For people who have regular medical follow-up, it is quite possible to identify if a person is likely to become diabetic. He was then diagnosed with prediabetes. New research has shown that there are several types of prediabetes and this information is very important to assess the course of the disease in the affected patient.
A discovery that will provide a better understanding of the treatment and prevention of diabetes
A team of German researchers from the Deutsches Zentrum für Diabetesforschung (DZD) – the German diabetes research center – has identified six subtypes of prediabetes. Based on a 25-year longitudinal study, researchers found that prediabetes does not always present in the same way, thus making it possible to identify more precisely the patients most likely to develop diabetes. This discovery will also allow clinicians to improve therapies and preventive approaches for patients with the disease.
” One of the goals of the DZD is to develop precise preventive and therapeutic measures, i.e. the right prevention or treatment for the right group of people at the right time. », Explained Professor Martin Hrabe de Angelis, Executive Director of DZD, in a statement. It is important to know that type 2 diabetes usually develops slowly. As blood sugar levels rise, doctors can diagnose patients with prediabetes this way. A patient is then said to be prediabetic when his blood sugar is systematically higher than normal, but not high enough to be considered as type 2 diabetes.

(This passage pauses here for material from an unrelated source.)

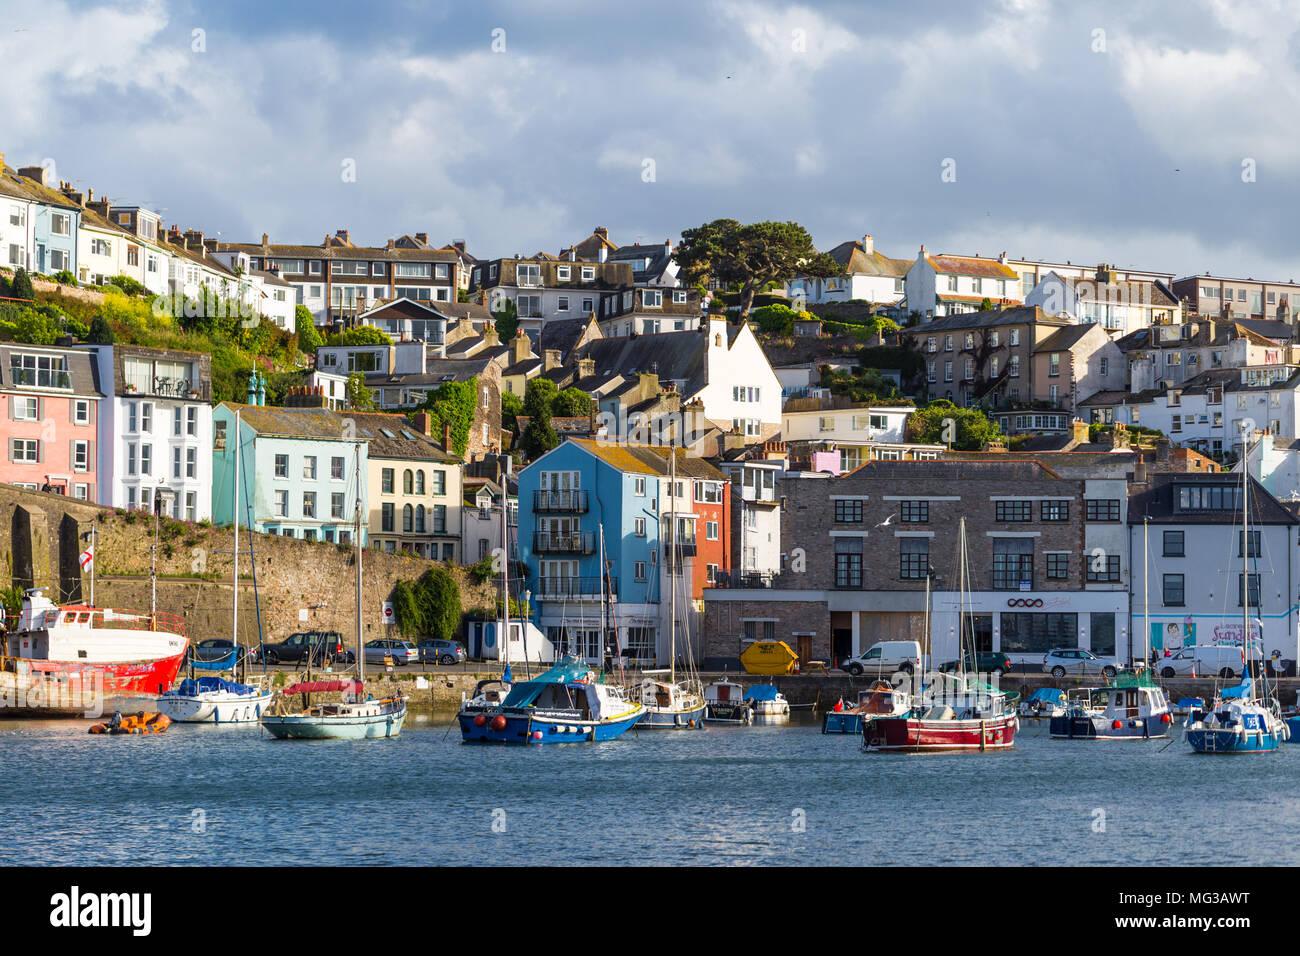 Brixham Harbour, littoral, avec des bateaux et des bâtiments colorés, au Royaume-Uni, Angleterre Photo Stock

Most importantly, not all people with prediabetes necessarily develop type 2 diabetes. For some, these high blood sugar levels can be relatively harmless and symptomless. But for others, prediabetes can be an early sign of serious illness. To arrive at these conclusions, the researchers carried out a regular follow-up on 900 individuals. Among the follow-ups carried out in volunteers, we can cite the evaluation of their glycemia, their blood lipid level, the distribution of body fat, genetic risk and liver fat. This preliminary analysis was confirmed by a second follow-up carried out on 7,000 volunteers in the United Kingdom.